Apart from the images, reproduce all of the data word for word.

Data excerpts
::::::::::
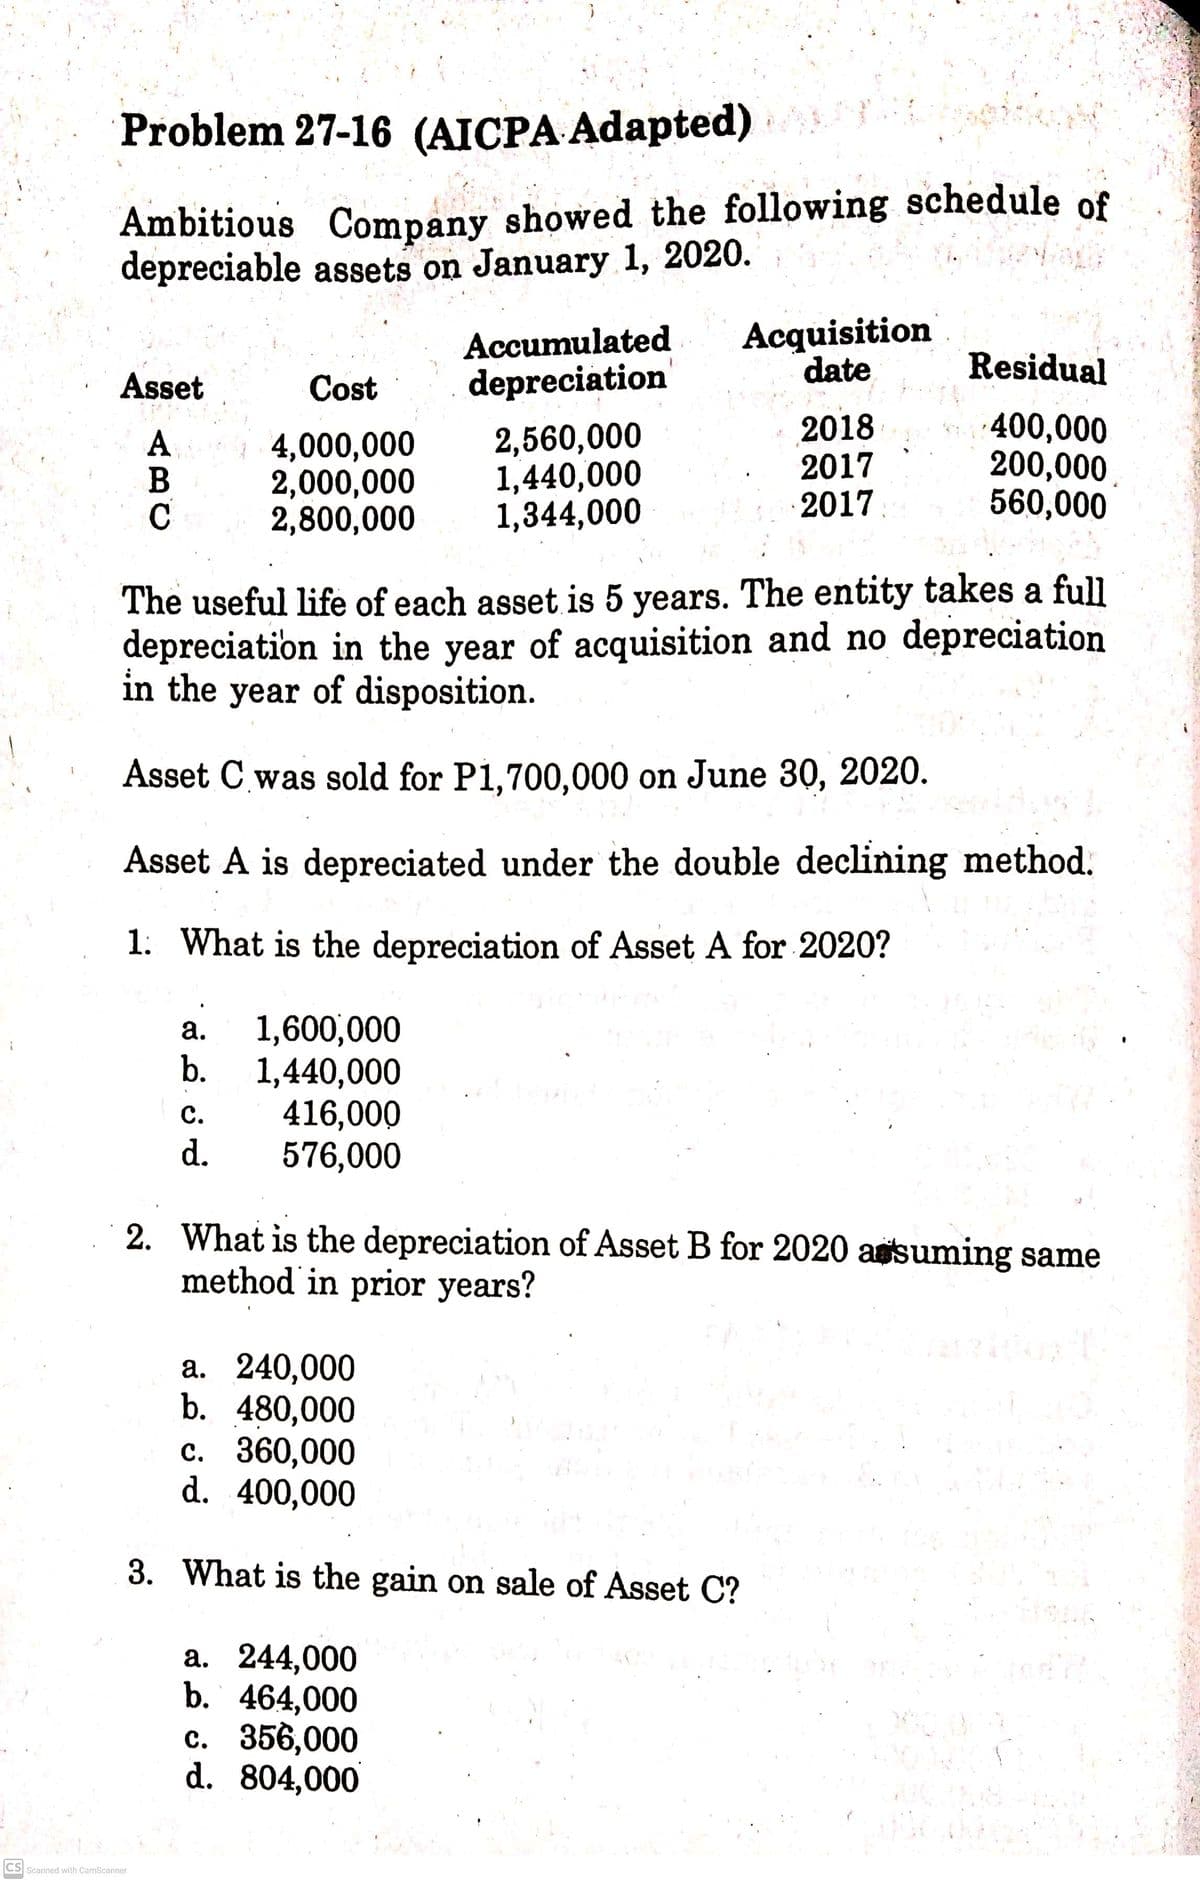 Problem 27-16 (AICPA Adapted)
Ambitious Company showed the following schedule of
depreciable assets on January 1, 2020.
Accumulated
depreciation
Acquisition
date
Residual
Asset
Cost
4,000,000
2,000,000
2,800,000
2,560,000
1,440,000
1,344,000
2018
2017
2017
400,000
200,000.
560,000
The useful life of each asset is 5 years. The entity takes a full
depreciation in the year of acquisition and no depreciation
in the year of disposition.
Asset C was sold for P1,700,000 on June 3ọ, 2020.
O on
Asset A is depreciated under the double declining method.
1: What is the depreciation of Asset A for 2020?
1,600,000
b.
а.
1,440,000
416,000
576,000
с.
d.
2. What is the depreciation of Asset B for 2020 ansuming same
method in prior years?
а. 240,000
b. 480,000
c. 360,000
d. 400,000
3. What is the gain on sale of Asset C?
a. 244,000
b. 464,000
c. 356,000
d. 804,000
CS Scanned with CamScanner
ABC
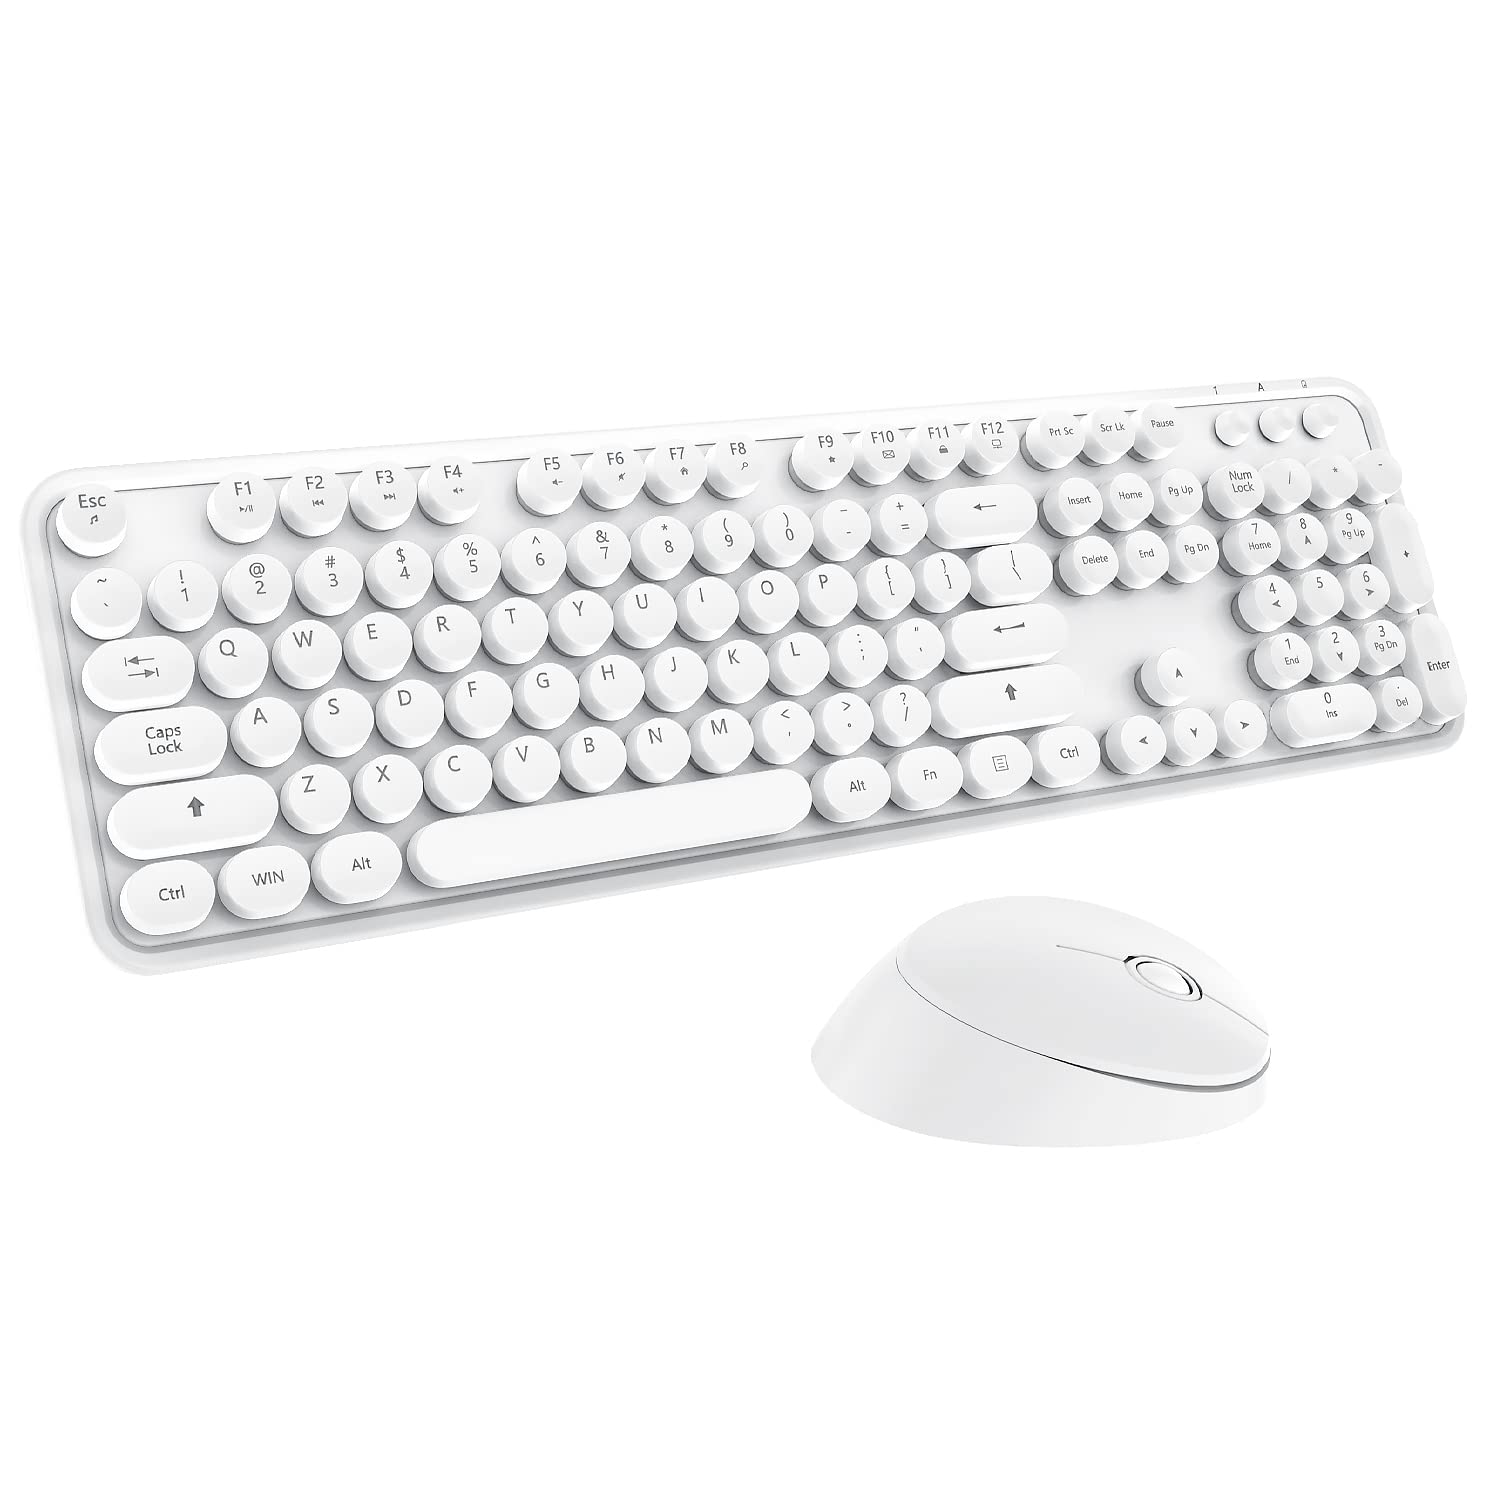 Wireless Keyboard Mouse Combo, Colorful Mouse and Keyboard Combo, 104 Keys Cute Wireless Keyboard with Number Pad for Windows, Computer, PC, Notebook, Laptop (White)
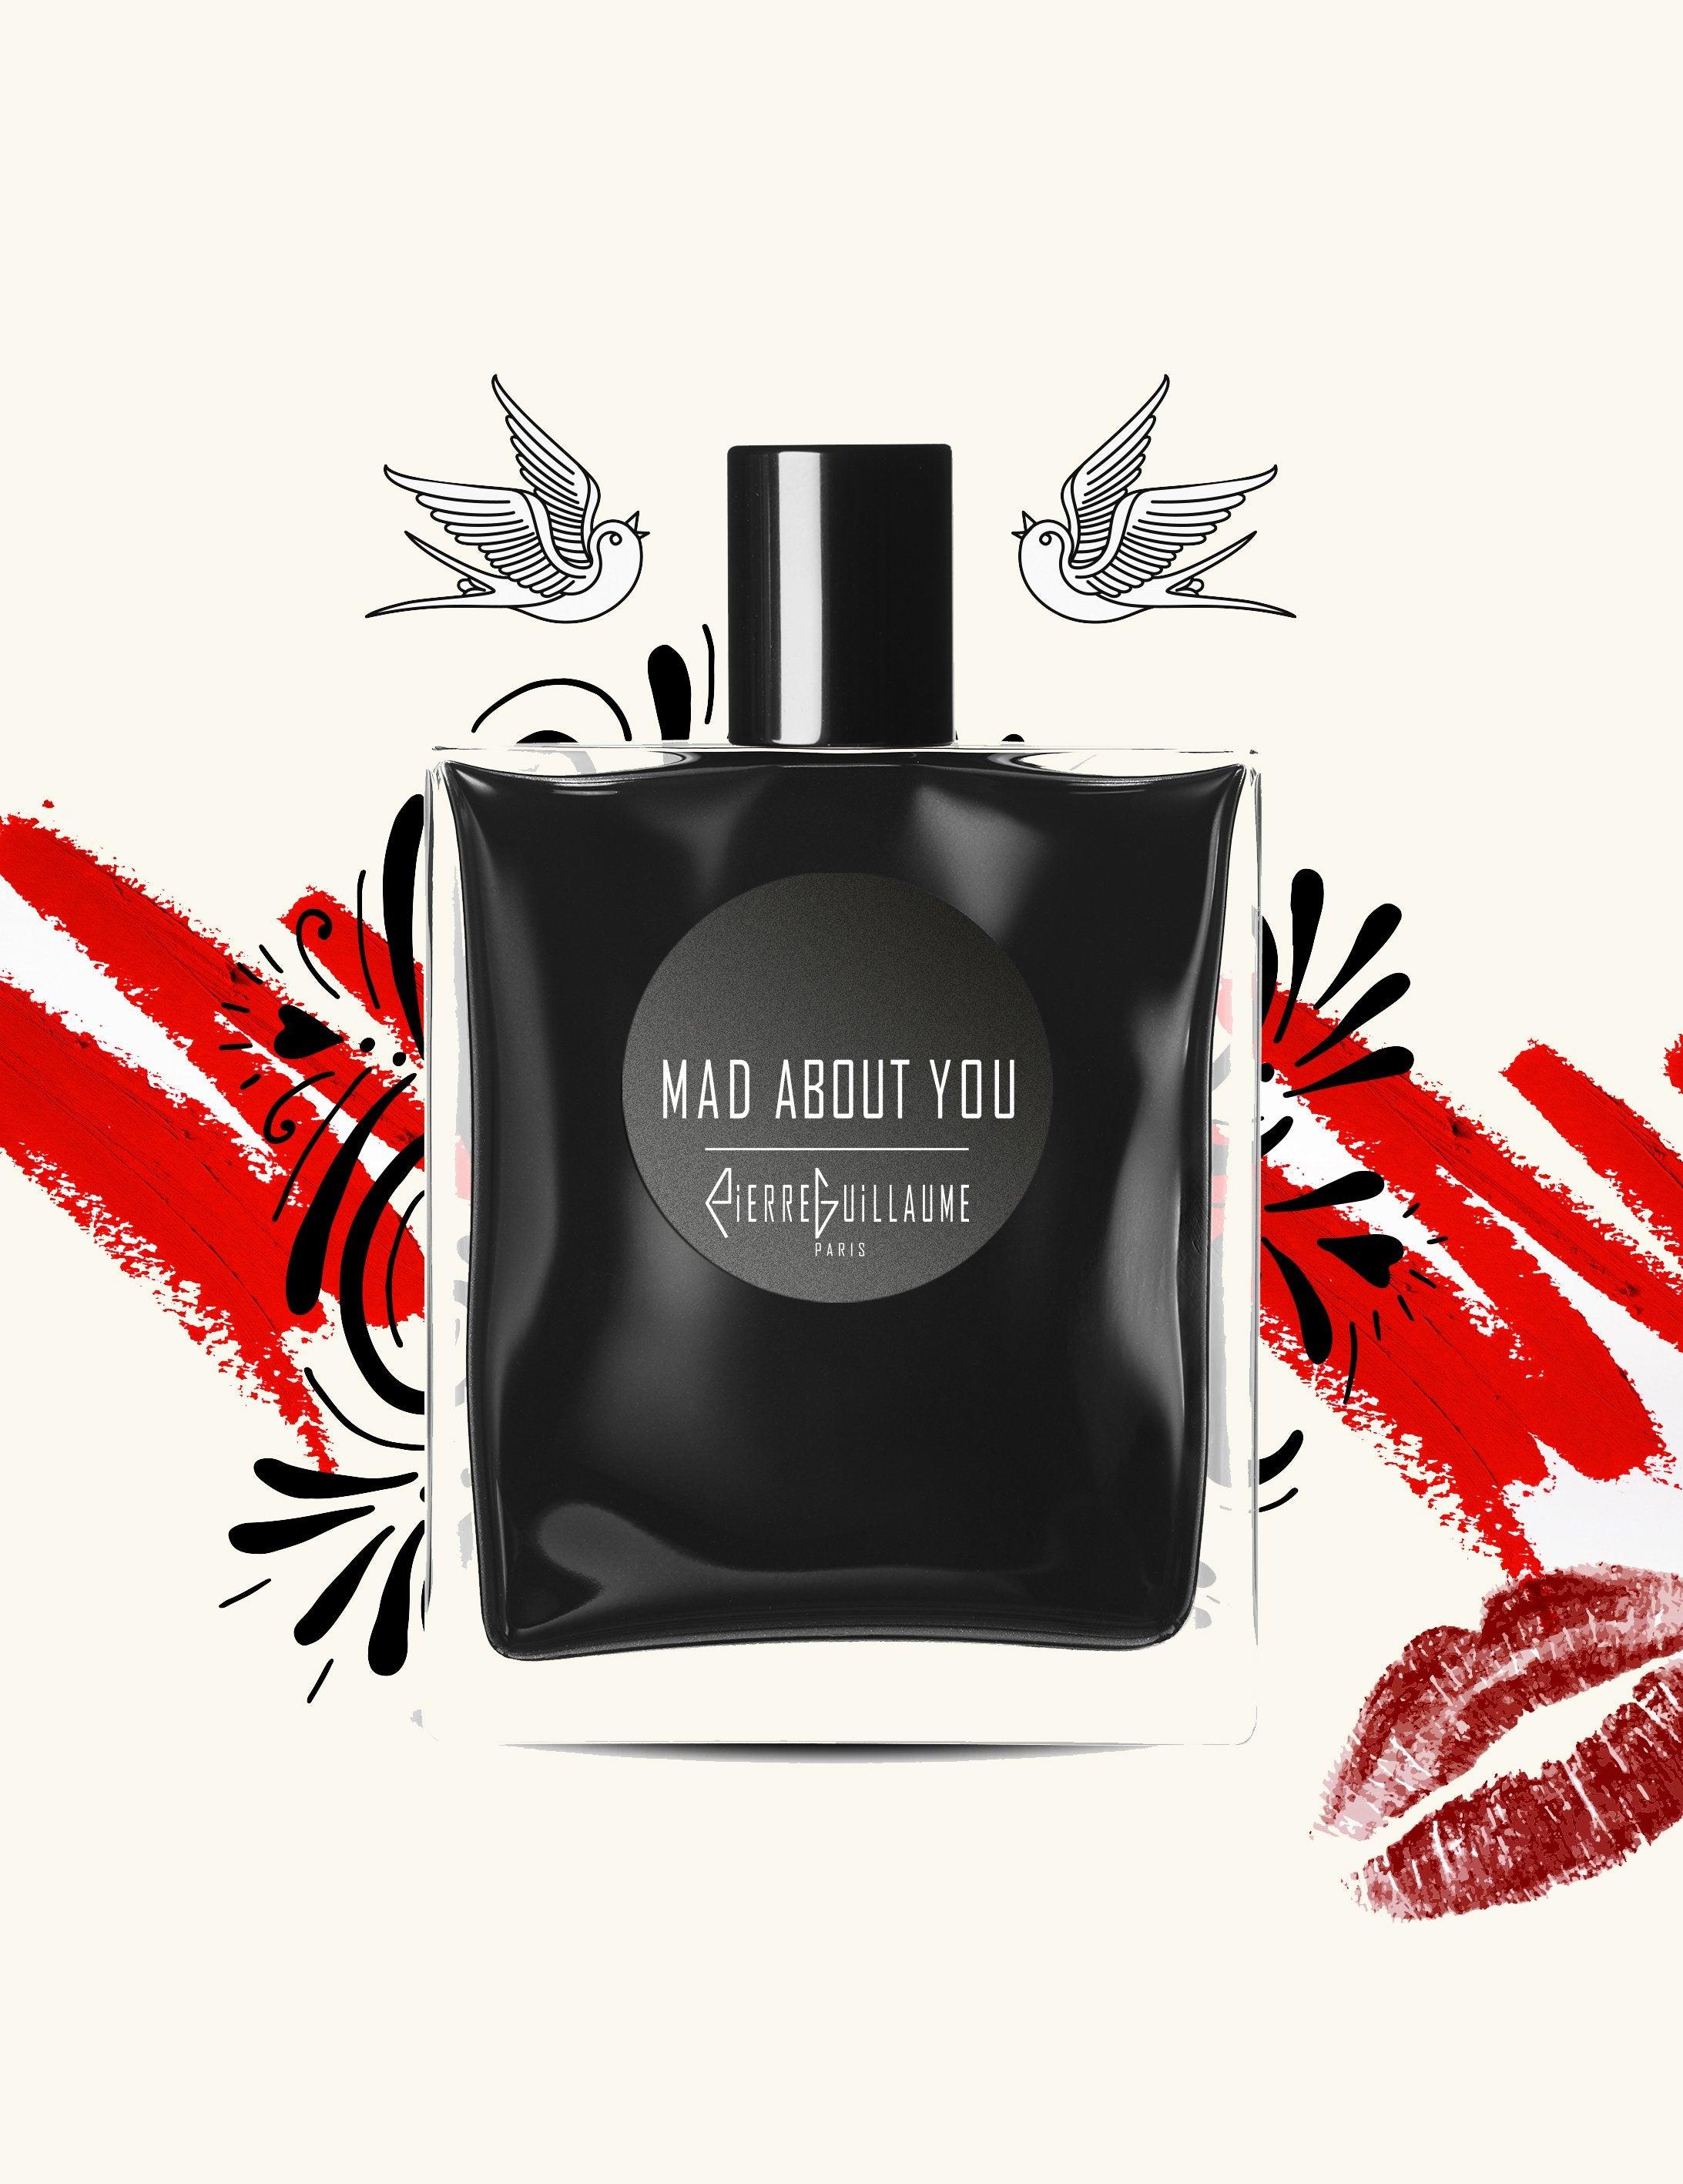 Piere Guillaume Paris - Mad About You | Perfume Lounge
::::::::::
* _Exercise solution_:
 Problem 27-16 (AICPA Adapted)
Ambitious Company showed the following schedule of
depreciable assets on January 1, 2020.
Accumulated
depreciation
Acquisition
date
Residual
Asset
Cost
4,000,000
2,000,000
2,800,000
2,560,000
1,440,000
1,344,000
2018
2017
2017
400,000
200,000.
560,000
The useful life of each asset is 5 years. The entity takes a full
depreciation in the year of acquisition and no depreciation
in the year of disposition.
Asset C was sold for P1,700,000 on June 3ọ, 2020.
O on
Asset A is depreciated under the double declining method.
1: What is the depreciation of Asset A for 2020?
1,600,000
b.
а.
1,440,000
416,000
576,000
с.
d.
2. What is the depreciation of Asset B for 2020 ansuming same
method in prior years?
а. 240,000
b. 480,000
c. 360,000
d. 400,000
3. What is the gain on sale of Asset C?
a. 244,000
b. 464,000
c. 356,000
d. 804,000
CS Scanned with CamScanner
ABC
 Wireless Keyboard Mouse Combo, Colorful Mouse and Keyboard Combo, 104 Keys Cute Wireless Keyboard with Number Pad for Windows, Computer, PC, Notebook, Laptop (White)
 Piere Guillaume Paris - Mad About You | Perfume Lounge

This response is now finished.